Re: 65816: Direct Page vs Absolute Operand
« Reply #27 on: May 20, 2016, 01:27:30 pm »
Like I said, there are more important issues and I don't want to squander your motivational energy here. It's just not worth it if it causes you to hold short on even a single other feature.

I'm going to be really happy with structures. So, for example, drawing from the old CP/M and DOS systems:
Code: [Select]
PSP             STRUCT

pspInt20        dw        1 DUP(?)
pspNextPara     dw        1 DUP(?)
                db        1 DUP(?)
pspDispatcher   db        5 DUP(?)
pspTermVector   dd        1 DUP(?)
pspCtrlCVector  dd        1 DUP(?)
pspCritVector   dd        1 DUP(?)
                dw       11 DUP(?)
pspEnvironment  dw        1 DUP(?)
                dw       23 DUP(?)
pspFCB_1        db       16 DUP(?)
pspFCB_2        db       16 DUP(?)
                dd        1 DUP(?)
pspCmdTailCnt   db        1 DUP(?)
pspCmdTailTxt   db      127 DUP(?)

PSP             ENDS

                .
                .
                .

                #org    $C40000

                .
                .
                .

                #assume DP:STRUCT PSP               
MyFunction      LDA     pspNextPara
                JML     ExternalFunction
                .
                .
                .

I used to place that into a SEGMENT AT in order to achieve a "structure." But if you support structures, then I get what I want there and that's one less reason for segments.

So I really don't want to mess with your head over this.

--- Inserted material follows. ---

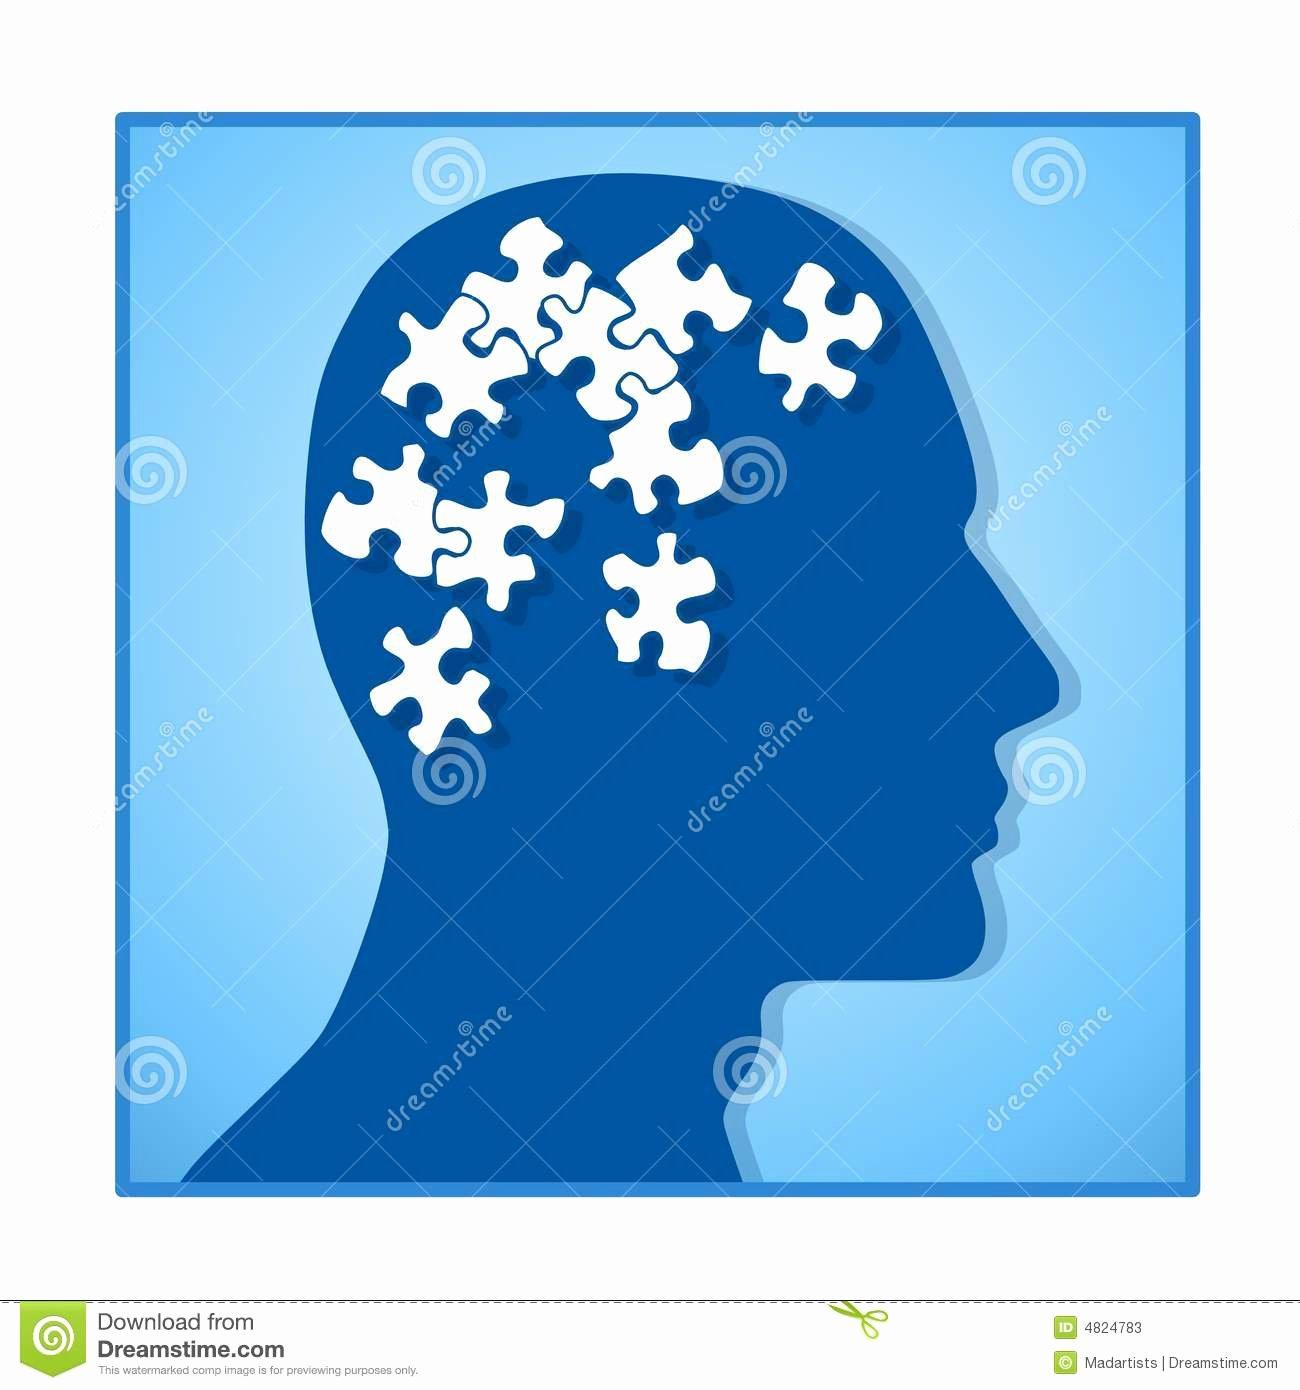 Nature Vs Nurture Venn Diagram New Brain as Puzzle Pieces In Head Stock S Image

A linker is the right place to be slinging strings of bytes around, wholesale, not the assembler which hard-codes all this beforehand. I'd like to be able to define "segments" that I may at some later time choose to overlay on top in various ways, for example. I don't want to have to go modify my source code for that purpose. I shouldn't have to. On the other hand, if I'm careful about the design I can use your macro examples constructively and I don't want to spend too much time worrying over this.

Note that I do need a way to specify data storage that does NOT produce initialized data in any form, at all. It should ONLY advance the counter and it should NOT update the ROM file. I used the DUP(?) above to illustrate that point. In Merlin32, it's DS with a byte count operand, so that DW 1 DUP(?) in Merlin32 is written as DS 2. The ROM is NOT updated here. It's just "skipped over."

I'd like a feature where I can read the ROM contents, apply them in a calculation, and then re-apply the newly calculated bytes into the ROM as a patch. I don't know if you care about that. But I'd rather ask for that than to worry about code and data segments.
An equal right to an opinion isn't a right to an equal opinion. -- 1995, me
Saying religion is the source of morality is like saying a squirrel is the source of acorns.  -- 2002, me

Disch

  • Hero Member
  • *****
  • Posts: 2814
  • NES Junkie
    • View Profile
Re: 65816: Direct Page vs Absolute Operand
« Reply #28 on: May 20, 2016, 02:00:40 pm »
Like I said, there are more important issues and I don't want to squander your motivational energy here.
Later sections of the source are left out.